Banjara needle work is not exotic by itself, but is the cut, craft and the ideas picked from nature that make it so different. Before itsy-bitsy blouses showing décolletage or open back blouses became fashion statements in urban areas, Banjara women were stitching and wearing them. It was this nifty needle work that incorporated mirrors and shells that drew the attention of the Crafts Council officials to Sepavat Angoori, then a 17-year-old married girl with a daughter, in Yellamma tanda (hamlet), Ibrahimpatnam taluk.
Thirty years down the line, it is a different Angoori who received the honour. “I was involved in farm work, herding cows, drawing water from the well when I was approached by the women from the Crafts Council who wanted to know about my stitching work. I had learnt from my grandmother and mother to stitch the clothes I wore and I showed them the work,” says Angoori. “Then they wanted to know the various patterns we used and their names.

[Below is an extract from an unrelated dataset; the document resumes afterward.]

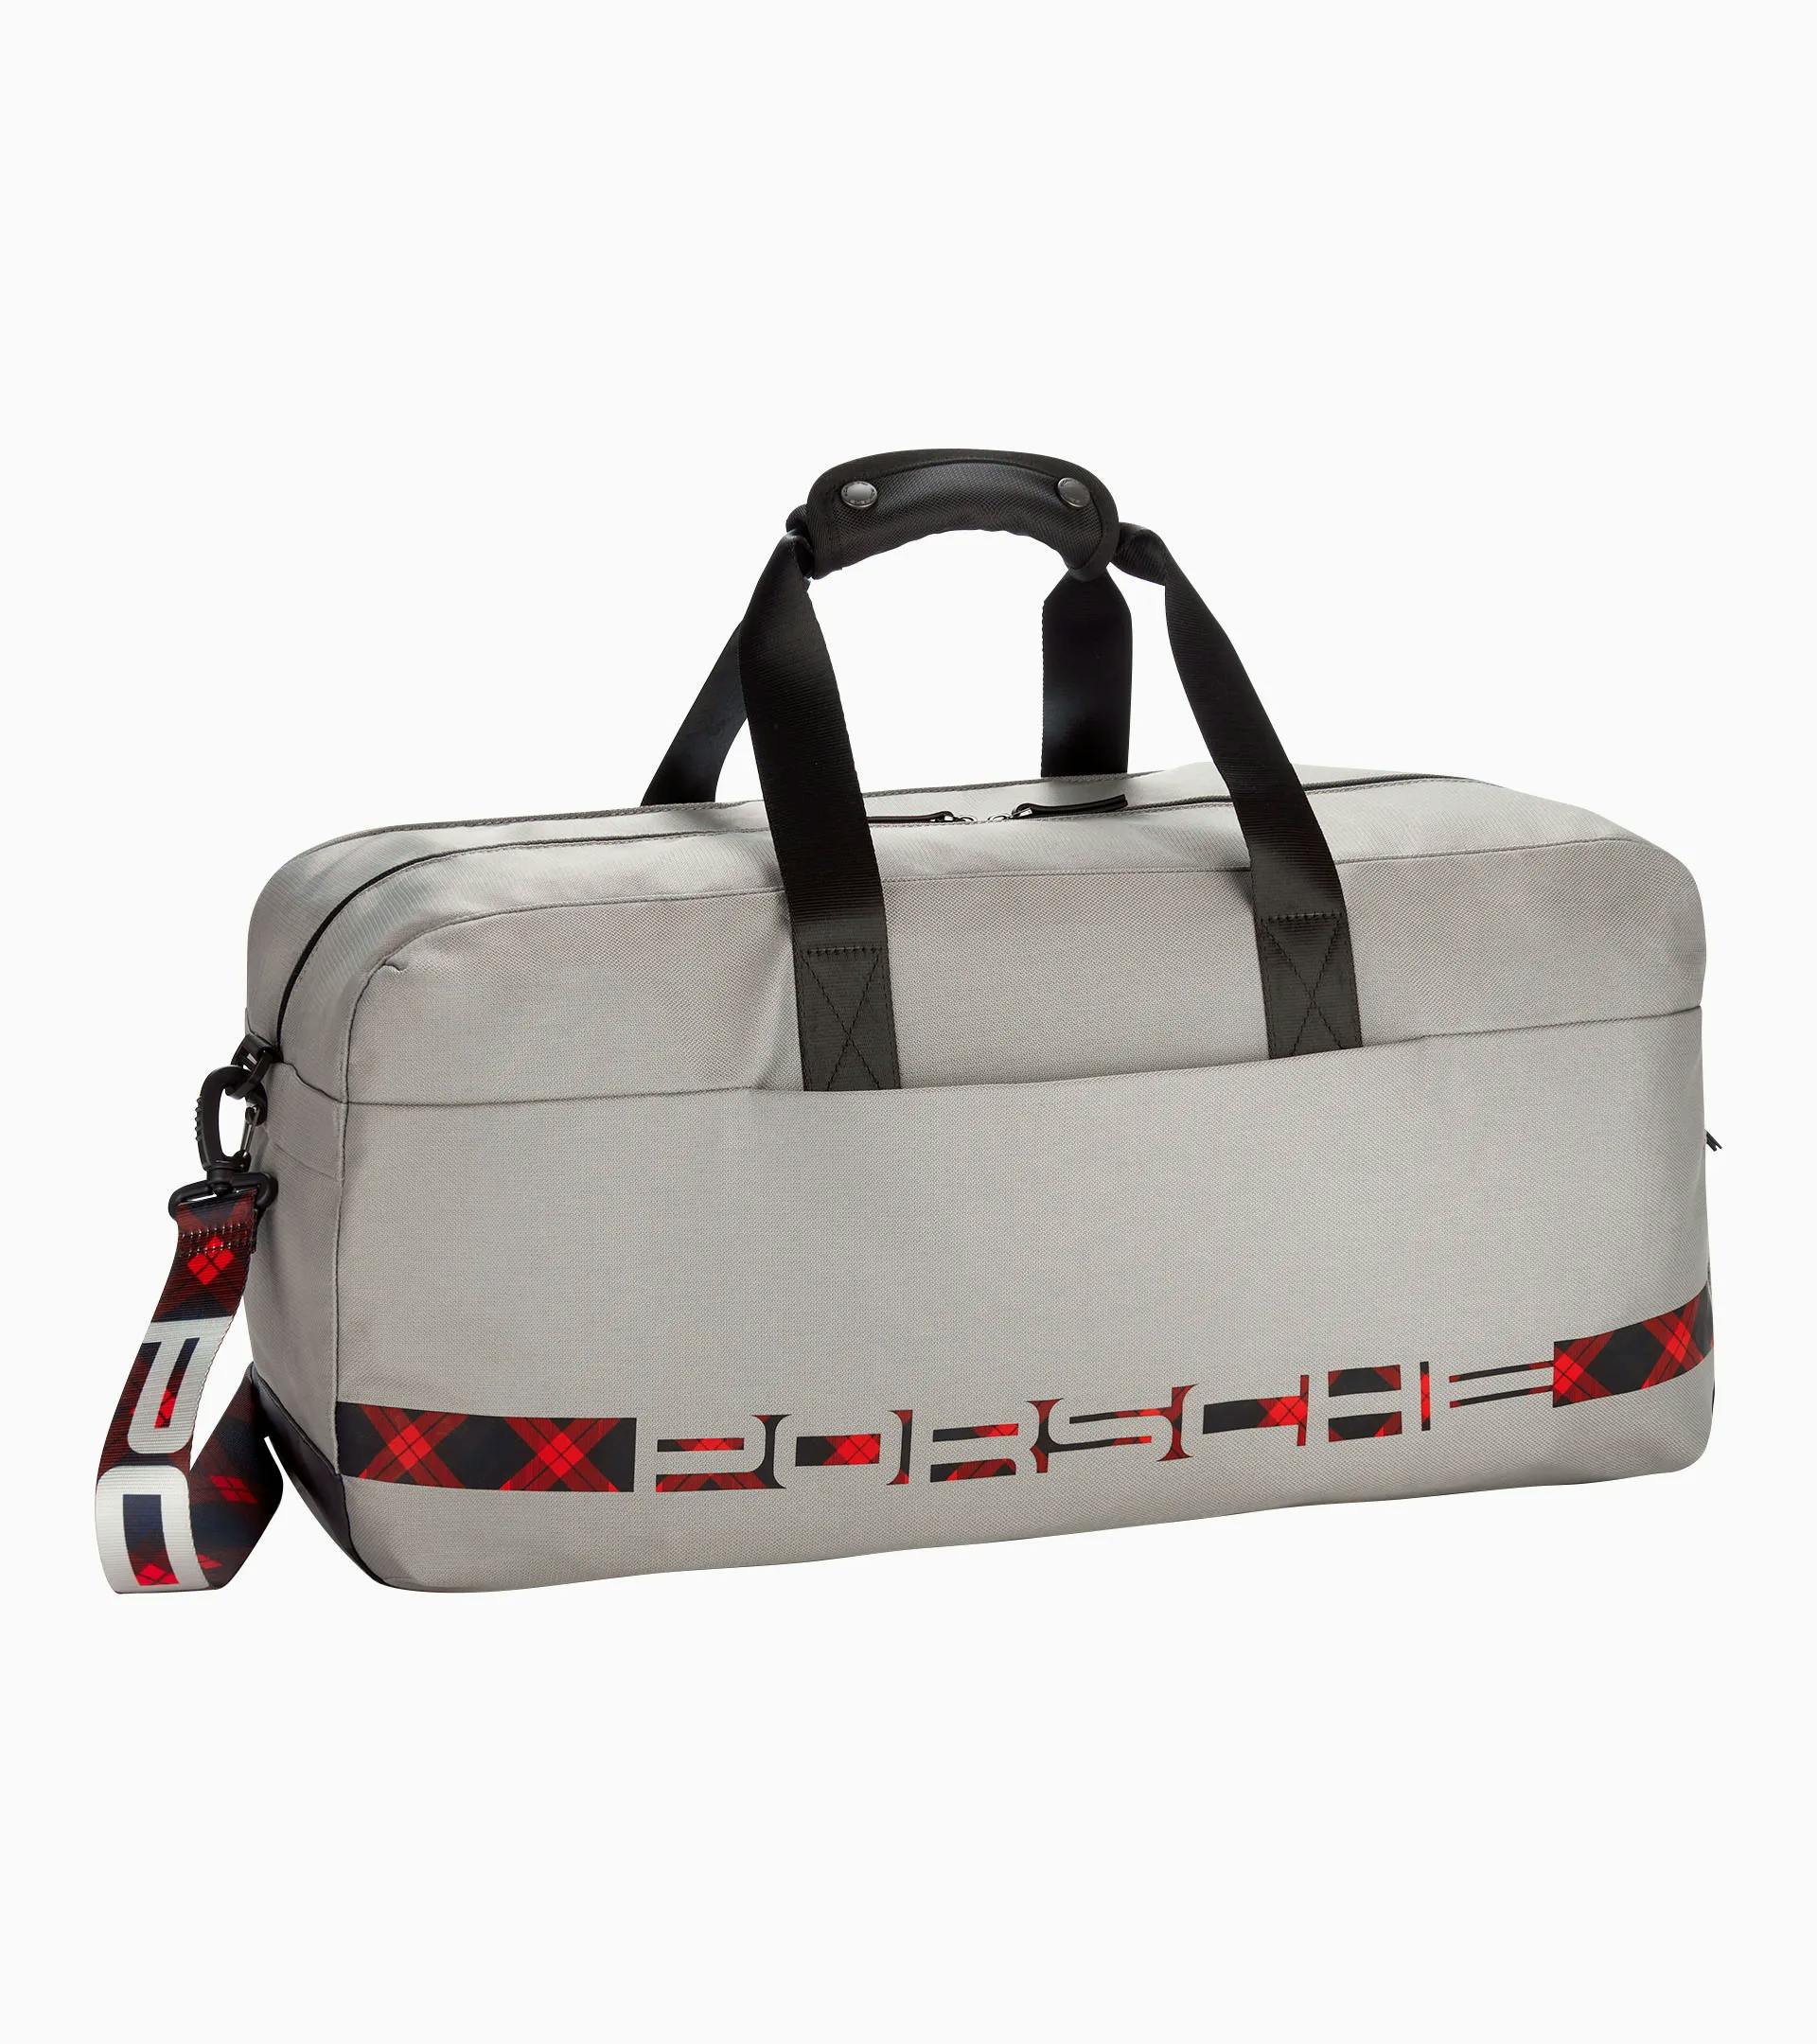 Travel bag – Turbo No. 1 6

I told them about rela, teka, malikanth, gauder, border etc. and also how we did it,” she says.
This marked the beginning of friendship that has continued to the day between the Crafts Council members and Angoori. Not limited to practicing her craft, she has trained dozens of women in the intricate needlework over the past 30 years. “I have held classes for foreigners in Mumbai, I have taught in Delhi, and various parts of the country. All that wouldn’t have happened if I stuck to farm work,” she says.
Officials of the Crafts Council vouch for that. “She is very receptive to the ideas given by us and she is dedicated. Others lose interest and don’t spend enough time. But she creates her own works and also teaches others. That’s what makes her special,” says Meenakshi Katragadda, who is responsible for the Banjara needlework team at CCT. Visitors at the crafts exhibition oohed and aahed when they spotted dragonflies crafted on a piece of cloth by Angoori.
The social change brought about by Angoori can be seen in her native hamlet where 200 women now practice the craft on a commercial scale. “They learn easily and they carry their work with them. Even if they are herding cows or sheep, they will be stitching and creating some design or the other,” she says with confidence.